I joined one random server and went about killing people as normal, trying to take the hill and everything cause that's what the objective of the match is ultimately supposed to be. Meanwhile a bunch of people were screaming "don't kill each other," flinging insults and rage at people who were just trying to focus on the primary objective. They wanted to kill Merasmus and were trying to prepare for him during the downtime. After a while I joined another server, expecting the consensus to be "kill Merasmus when he spawns, kill each other when he leaves," and was repeatedly stabbed or shot in the back by players on the other team.

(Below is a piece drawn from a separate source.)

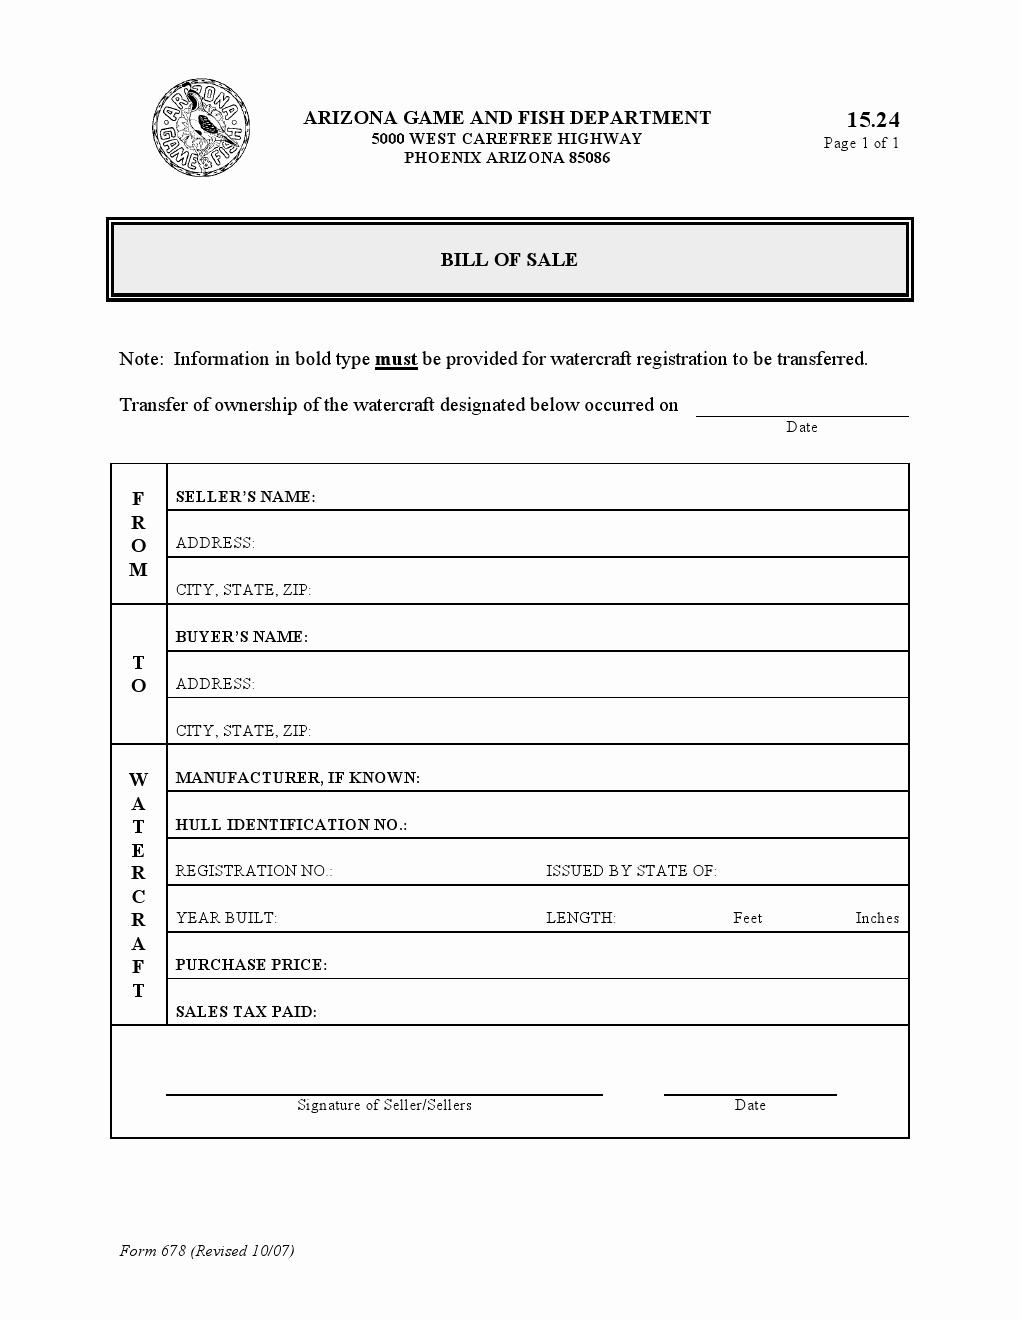 Watercraft Bill Of Sale Unique Free Arizona Watercraft Bill Of Sale form Download Pdf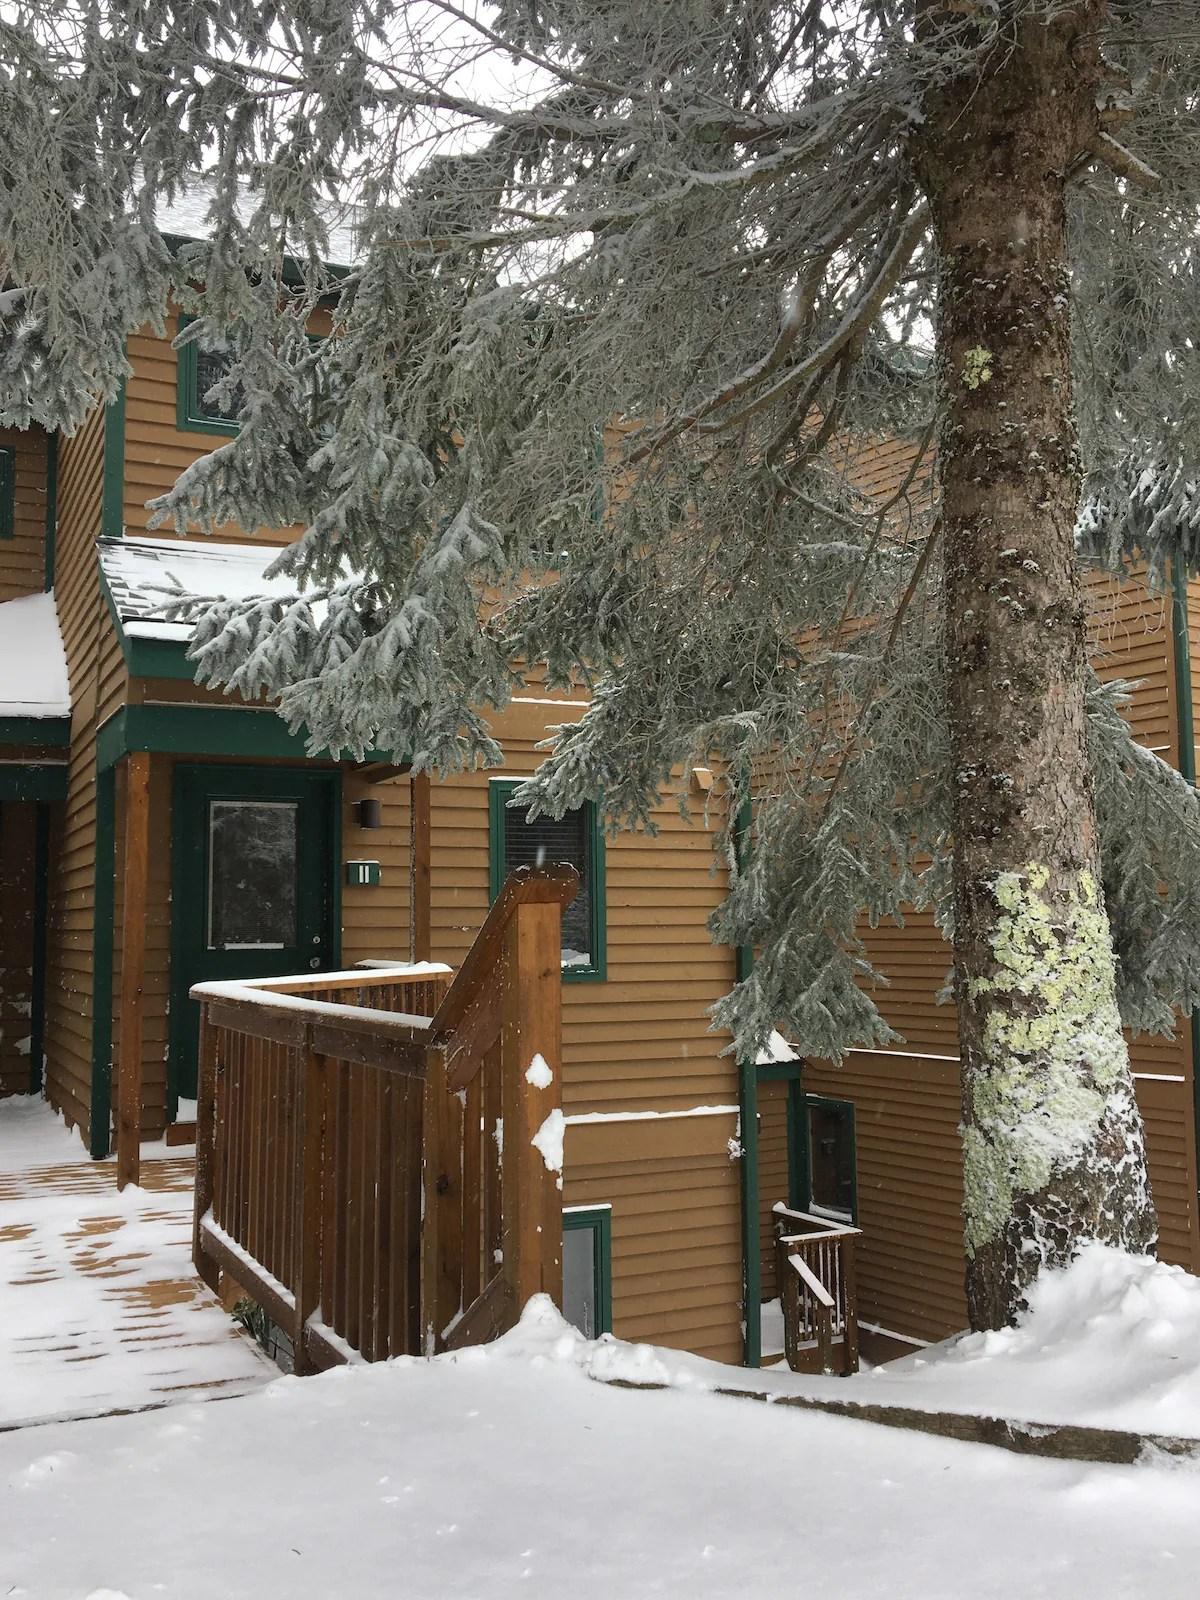 twin sleeper sofa rooms to go craigslist dallas bed 11 powderidge, snowshoe, wv - condominiums for rent in ...

So after getting bitched-out on one server for killing people between Merasmus spawns (when you're supposed to be capturing the hill), I was griefed on another server for not killing people (when you're supposed to be fighting Merasmus). There are no rules anywhere saying that you have to stop fighting each other when Merasmus appears, but it seems the vast majority of players want to kill him to experience the new event, and all it takes is a handful of griefers (intentional or not) to piss everyone off. 

The new Mann vs Machine mode, "Wave 666," is basically ordinary MVM except it's one giant wave of over 800 enemies. They give you $4000 at the start of the match to buy some initial upgrades and then you can return to the trader to buy more by collecting money drops. If the bomb gets deployed at any point in the match, you have to start all over again, from the beginning. If after killing 827 enemies, that last one delivers the bomb, you gotta fight all 828 again. 

Zombie pyros in Mann vs Machine

There's a reason the difficulty for this event mode says "nightmare," because it pretty much is a nightmare difficulty. I joined one match in progress and found a dozen giant, crit-charged rocket soldiers camping two feet outside of the spawn point. For some reason no one was carrying the bomb, so fortunately time wasn't an issue because it took us like 10 minutes of leaving the spawn, getting one shot off, and promptly being destroyed. The other gimmick for Wave 666 is that the robots are now replaced with zombies, but it's kind of hard to tell the difference or to care while you're actually playing.

All-in-all, I'm not enjoying this Halloween event. Fighting Merasmus in the middle of a king of the hill match is a fun idea, but it proves more frustrating than anything -- it's basically impossible for a random pub match to come to any consensus of what to do, and it's way too easy for griefers to ruin everything. The Mann vs Machine mode isn't all that different, except that it's basically way too hard for random pub teams to succeed at. In other words, it's just too frustrating and difficult to get the full experience out of this event without having a large group of dedicated friends with whom to play.